**Problem to work on:**
Set down, character for character, everything in the records below from the line holding "LULULEMON LEGGINGS, with" down to the line holding "Apparatus and method", and no other line.
◆ ◆ ◆ ◆ ◆ ◆ ◆
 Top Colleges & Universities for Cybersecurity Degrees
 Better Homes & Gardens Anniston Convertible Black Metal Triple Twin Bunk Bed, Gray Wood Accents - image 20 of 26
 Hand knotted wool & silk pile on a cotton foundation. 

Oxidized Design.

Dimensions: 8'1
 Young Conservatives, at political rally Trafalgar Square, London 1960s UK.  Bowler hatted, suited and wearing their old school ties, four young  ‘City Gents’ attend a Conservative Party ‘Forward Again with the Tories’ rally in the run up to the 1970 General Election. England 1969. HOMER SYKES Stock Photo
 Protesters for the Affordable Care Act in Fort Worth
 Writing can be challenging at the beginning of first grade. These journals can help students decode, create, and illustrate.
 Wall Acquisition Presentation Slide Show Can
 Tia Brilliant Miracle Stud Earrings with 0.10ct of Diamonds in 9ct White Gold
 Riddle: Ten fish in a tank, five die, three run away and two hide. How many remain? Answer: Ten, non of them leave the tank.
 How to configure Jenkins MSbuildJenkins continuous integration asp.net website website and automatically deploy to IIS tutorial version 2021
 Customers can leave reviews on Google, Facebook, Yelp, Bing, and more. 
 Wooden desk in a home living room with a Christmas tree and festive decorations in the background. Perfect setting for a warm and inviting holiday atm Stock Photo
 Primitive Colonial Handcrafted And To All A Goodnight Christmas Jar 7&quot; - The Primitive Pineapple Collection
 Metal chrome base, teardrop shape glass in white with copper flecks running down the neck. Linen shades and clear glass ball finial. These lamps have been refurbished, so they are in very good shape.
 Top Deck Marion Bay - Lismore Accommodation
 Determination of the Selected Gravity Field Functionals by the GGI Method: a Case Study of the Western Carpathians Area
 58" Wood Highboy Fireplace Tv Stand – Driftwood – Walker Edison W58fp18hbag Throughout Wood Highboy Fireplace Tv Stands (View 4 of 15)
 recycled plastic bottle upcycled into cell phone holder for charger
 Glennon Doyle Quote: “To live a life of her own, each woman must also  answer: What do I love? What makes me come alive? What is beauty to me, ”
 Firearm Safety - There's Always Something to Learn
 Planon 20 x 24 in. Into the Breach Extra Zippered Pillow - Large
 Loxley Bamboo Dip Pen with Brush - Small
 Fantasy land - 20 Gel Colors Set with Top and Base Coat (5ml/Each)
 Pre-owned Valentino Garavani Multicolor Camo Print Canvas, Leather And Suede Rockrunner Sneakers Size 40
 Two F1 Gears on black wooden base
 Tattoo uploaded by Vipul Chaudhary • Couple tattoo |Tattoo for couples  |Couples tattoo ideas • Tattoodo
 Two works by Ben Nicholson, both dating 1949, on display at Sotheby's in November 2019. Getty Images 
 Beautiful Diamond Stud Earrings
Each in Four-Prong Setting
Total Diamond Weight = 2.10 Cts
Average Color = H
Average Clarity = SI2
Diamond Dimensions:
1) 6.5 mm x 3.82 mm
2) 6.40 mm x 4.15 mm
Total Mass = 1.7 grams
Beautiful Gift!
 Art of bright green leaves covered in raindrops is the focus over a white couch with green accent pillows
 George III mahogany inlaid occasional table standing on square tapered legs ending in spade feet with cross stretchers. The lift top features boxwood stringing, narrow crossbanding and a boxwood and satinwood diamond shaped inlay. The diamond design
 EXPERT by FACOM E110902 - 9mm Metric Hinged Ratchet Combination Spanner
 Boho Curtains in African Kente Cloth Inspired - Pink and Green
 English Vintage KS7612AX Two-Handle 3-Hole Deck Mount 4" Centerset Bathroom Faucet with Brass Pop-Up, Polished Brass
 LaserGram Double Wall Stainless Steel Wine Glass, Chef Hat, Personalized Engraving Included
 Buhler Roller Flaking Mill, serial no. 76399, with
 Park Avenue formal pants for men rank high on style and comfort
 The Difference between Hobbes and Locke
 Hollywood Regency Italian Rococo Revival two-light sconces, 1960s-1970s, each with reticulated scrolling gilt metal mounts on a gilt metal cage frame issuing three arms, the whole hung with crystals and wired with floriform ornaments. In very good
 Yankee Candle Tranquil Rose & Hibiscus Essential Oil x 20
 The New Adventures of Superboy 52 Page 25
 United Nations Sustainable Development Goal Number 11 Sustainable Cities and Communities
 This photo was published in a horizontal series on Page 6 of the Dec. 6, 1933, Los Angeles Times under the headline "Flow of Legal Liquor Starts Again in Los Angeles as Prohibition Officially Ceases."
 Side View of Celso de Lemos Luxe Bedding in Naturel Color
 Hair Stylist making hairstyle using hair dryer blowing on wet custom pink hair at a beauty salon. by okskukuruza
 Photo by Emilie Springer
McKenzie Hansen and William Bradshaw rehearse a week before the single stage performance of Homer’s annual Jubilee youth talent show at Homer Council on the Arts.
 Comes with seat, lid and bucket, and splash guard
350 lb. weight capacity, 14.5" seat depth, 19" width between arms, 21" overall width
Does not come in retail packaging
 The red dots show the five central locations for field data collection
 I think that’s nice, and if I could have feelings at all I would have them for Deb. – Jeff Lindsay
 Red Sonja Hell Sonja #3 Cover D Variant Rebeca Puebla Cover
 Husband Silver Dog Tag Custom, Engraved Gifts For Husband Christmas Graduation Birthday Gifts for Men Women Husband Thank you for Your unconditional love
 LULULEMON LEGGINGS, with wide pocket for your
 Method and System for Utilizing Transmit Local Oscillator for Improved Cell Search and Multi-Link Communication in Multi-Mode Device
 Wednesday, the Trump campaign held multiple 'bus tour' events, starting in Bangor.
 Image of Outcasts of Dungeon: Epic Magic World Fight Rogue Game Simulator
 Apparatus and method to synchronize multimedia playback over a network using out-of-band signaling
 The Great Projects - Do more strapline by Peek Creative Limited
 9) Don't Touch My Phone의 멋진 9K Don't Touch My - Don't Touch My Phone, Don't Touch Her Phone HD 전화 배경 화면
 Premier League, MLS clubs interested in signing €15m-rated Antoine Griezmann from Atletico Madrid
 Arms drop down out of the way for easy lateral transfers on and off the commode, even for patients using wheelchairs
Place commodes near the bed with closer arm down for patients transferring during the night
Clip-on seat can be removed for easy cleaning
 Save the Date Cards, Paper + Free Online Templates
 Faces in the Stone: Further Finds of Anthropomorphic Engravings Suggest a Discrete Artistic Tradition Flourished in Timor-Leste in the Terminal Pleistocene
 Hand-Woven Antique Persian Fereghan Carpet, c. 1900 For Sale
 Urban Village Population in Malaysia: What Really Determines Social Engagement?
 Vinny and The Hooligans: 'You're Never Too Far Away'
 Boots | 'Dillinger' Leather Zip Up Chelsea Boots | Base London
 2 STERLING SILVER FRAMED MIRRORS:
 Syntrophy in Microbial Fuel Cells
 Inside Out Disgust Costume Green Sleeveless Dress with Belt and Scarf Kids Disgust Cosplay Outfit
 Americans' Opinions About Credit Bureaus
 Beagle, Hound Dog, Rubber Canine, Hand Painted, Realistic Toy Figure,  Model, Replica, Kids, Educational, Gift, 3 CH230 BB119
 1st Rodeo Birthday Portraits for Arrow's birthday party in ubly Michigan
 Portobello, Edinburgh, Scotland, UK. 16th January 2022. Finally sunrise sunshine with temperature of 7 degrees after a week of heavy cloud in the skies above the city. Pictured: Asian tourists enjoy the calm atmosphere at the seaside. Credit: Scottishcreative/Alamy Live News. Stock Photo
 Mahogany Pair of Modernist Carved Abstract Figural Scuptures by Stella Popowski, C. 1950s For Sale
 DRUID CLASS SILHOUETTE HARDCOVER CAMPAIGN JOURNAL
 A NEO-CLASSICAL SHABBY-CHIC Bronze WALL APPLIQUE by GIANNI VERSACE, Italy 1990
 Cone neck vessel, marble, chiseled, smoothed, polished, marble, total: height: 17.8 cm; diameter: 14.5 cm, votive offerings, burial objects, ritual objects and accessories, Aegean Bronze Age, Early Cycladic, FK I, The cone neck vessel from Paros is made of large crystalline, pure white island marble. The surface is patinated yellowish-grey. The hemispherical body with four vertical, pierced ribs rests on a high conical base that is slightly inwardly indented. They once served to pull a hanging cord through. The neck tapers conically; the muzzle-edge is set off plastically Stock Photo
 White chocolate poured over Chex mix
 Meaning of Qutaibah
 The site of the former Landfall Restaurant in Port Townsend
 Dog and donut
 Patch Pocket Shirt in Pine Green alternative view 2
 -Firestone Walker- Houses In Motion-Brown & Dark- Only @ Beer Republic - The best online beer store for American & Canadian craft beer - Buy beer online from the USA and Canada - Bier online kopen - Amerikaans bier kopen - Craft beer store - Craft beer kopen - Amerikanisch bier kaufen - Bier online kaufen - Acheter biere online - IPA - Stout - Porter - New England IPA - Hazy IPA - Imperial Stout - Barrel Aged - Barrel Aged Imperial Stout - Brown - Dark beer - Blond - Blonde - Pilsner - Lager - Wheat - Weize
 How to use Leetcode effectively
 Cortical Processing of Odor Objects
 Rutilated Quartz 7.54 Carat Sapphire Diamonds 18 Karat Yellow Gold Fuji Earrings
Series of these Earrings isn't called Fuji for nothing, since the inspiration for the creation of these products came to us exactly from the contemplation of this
◆ ◆ ◆ ◆ ◆ ◆ ◆
**Task response:**
 LULULEMON LEGGINGS, with wide pocket for your
 Method and System for Utilizing Transmit Local Oscillator for Improved Cell Search and Multi-Link Communication in Multi-Mode Device
 Wednesday, the Trump campaign held multiple 'bus tour' events, starting in Bangor.
 Image of Outcasts of Dungeon: Epic Magic World Fight Rogue Game Simulator
 Apparatus and method to synchronize multimedia playback over a network using out-of-band signaling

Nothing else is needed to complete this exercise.